Trumper's son, Victor Trumper Jr (1913–1981), played seven first-class games for New South Wales in 1940–41; he was also the uncle of Admiral Sir Victor Smith (1913–1998), the first Australian to be promoted to the rank of admiral.

Victor Thomas' maternal ancestry was of the Coughlin family which also included NSW's first female statistician and Australia's Northern Territory's Chief Minister Clare Martin. The family was originally from County Offaly, Ireland until the Cromwell invasion then left County Cork in the 1850s just after the Great Famine.

Recognition

Trumper was named a Wisden Cricketer of the Year in 1903.

He was awarded Life Membership of the New South Wales Rugby League in 1914.

In the 1963 edition of Wisden Cricketers' Almanack, Trumper was selected by Neville Cardus as one of the Six Giants of the Wisden Century. This was a special commemorative selection requested by Wisden for its 100th edition.
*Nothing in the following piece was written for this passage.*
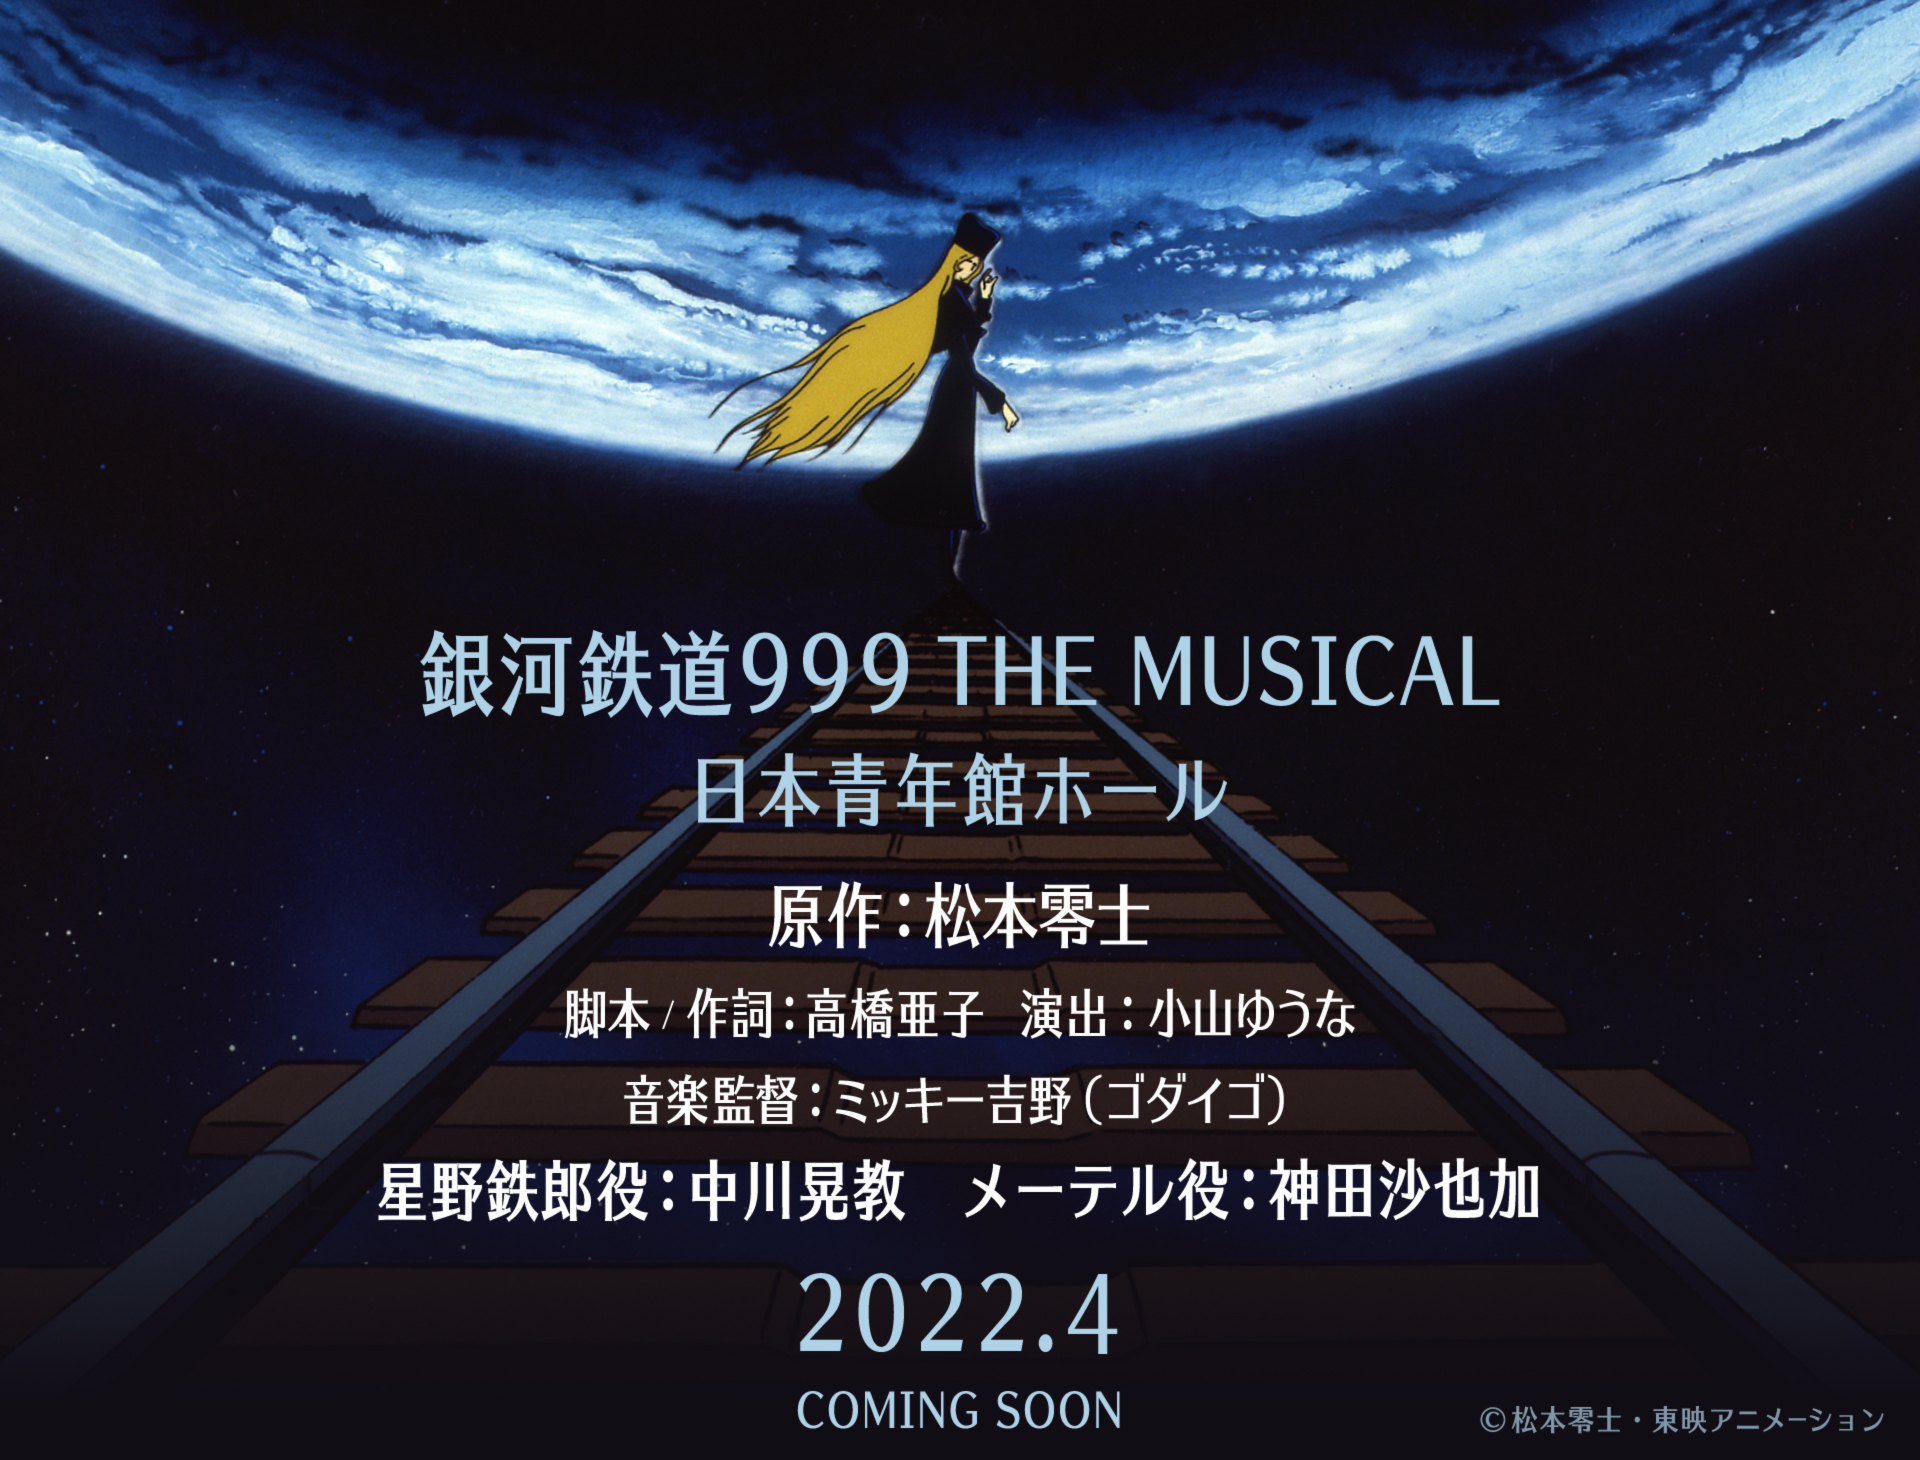 『銀河鉄道999 THE MUSICAL』

The other five players chosen were Sydney Barnes, Don Bradman, W. G. Grace, Jack Hobbs and Tom Richardson.

In 1981 he was honoured on a postage stamp issued by Australia Post depicting a cartoon image by Tony Rafty.

In 1996 he was made one of the ten inaugural inductees into the Australian Cricket Hall of Fame, the others being Fred Spofforth, John Blackham, Clarrie Grimmett, Bill Ponsford, Sir Donald Bradman, Bill O'Reilly, Keith Miller, Ray Lindwall, and Dennis Lillee.

The Sydney Cricket Ground Trust announced on 12 June 2008 that the new grandstand on the old hill at the SCG was to be named in Trumper's honour.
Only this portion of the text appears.